When Total Productive Maintenance got underway outside of Japan, its basic principles often went unexplored and/or underdeveloped. Those principles, i.e., the “Pillars,” were intended to be INTERDEPENDENT, meaning each enabled and enhanced the others. They were not intended to be separate functions of a “maintenance” program. Note that the focus of TPM is improving EQUIPMENT effectiveness, which goes well beyond performing better maintenance. Here are the “Five Pillars.”

1.  Improving equipment effectiveness by targeting the major losses
(or causes of poor performance).

2.  Involving operators in routine (daily) maintenance of their equipment.

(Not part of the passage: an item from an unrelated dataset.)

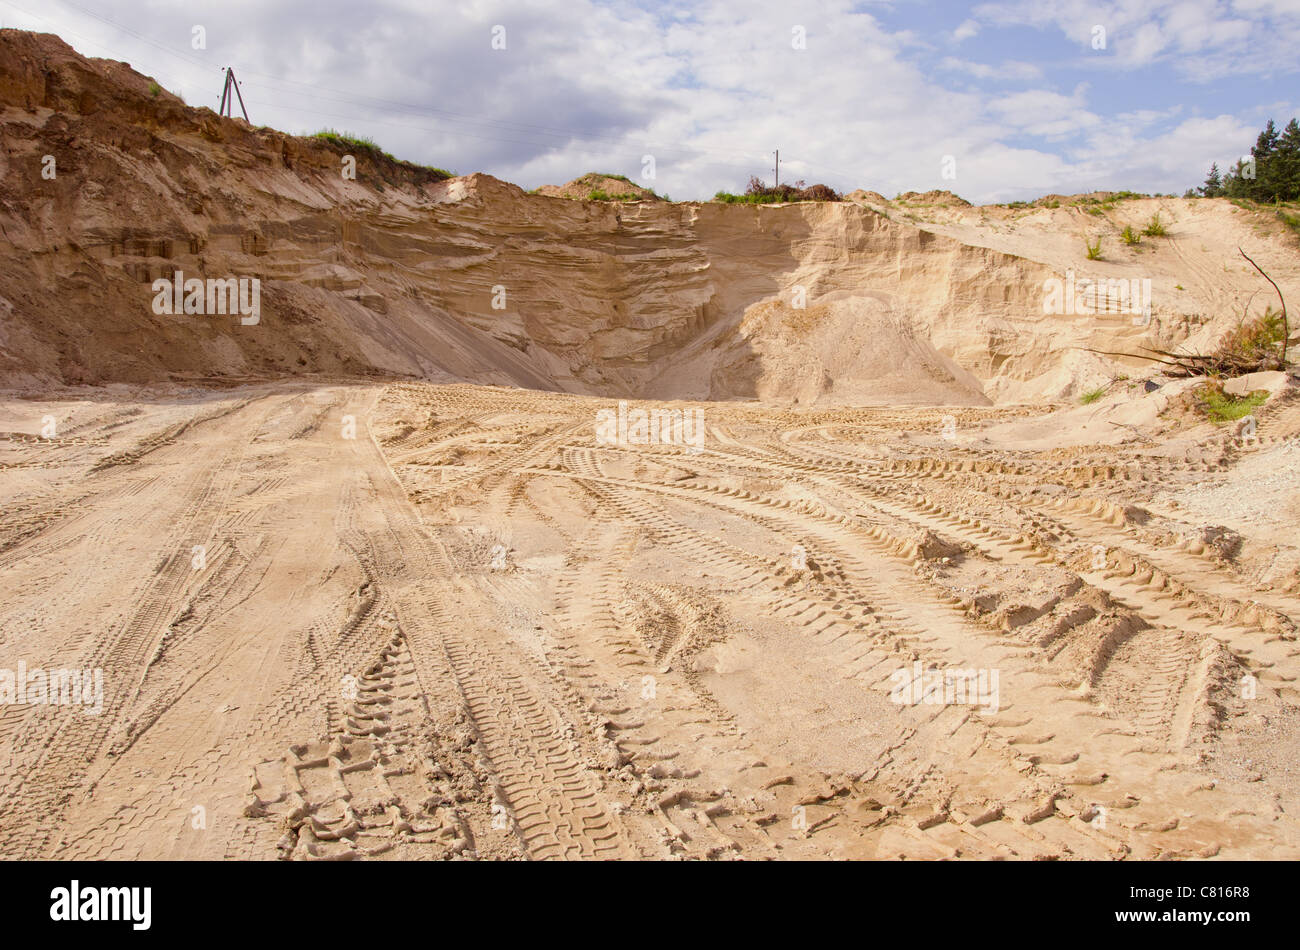 Sand pit. Sand special for construction. Pit full of fine sand and truck tracks. Stock Photo

3.  Improving maintenance efficiency and effectiveness.

4.  Training to improve the skills and knowledge of everyone involved.

5.  Early equipment management and maintenance prevention design.

All too often, the roles and responsibilities associated with Pillar 2, i.e., operator care (or “autonomous maintenance”), became INDEPENDENT of the remaining Pillars. Autonomous maintenance was not designed as a stand-alone program, despite an unfortunate translation from Japanese. Unintentionally, two of 11 chapters of the out-of-print book Training for TPM – A Manufacturing Success Story, published by the Japan Institute for Plant Maintenance (JIPM), in 1986 (and Productivity Press, in 1990), set the stage for a stand-alone program called “autonomous maintenance.”

So, let’s recalibrate the second Pillar of TPM in context. The interdependence TPM’s Pillars starts with the first one involving DATA and the targeting of the “major losses or causes of poor performance.” Again, this is the Pillar that launched “Overall Equipment Effectiveness” (OEE) as the root-cause score card of equipment-performance problems. This OEE DATA should point us to problems, causes, priorities, desired conditions, roles, and responsibilities.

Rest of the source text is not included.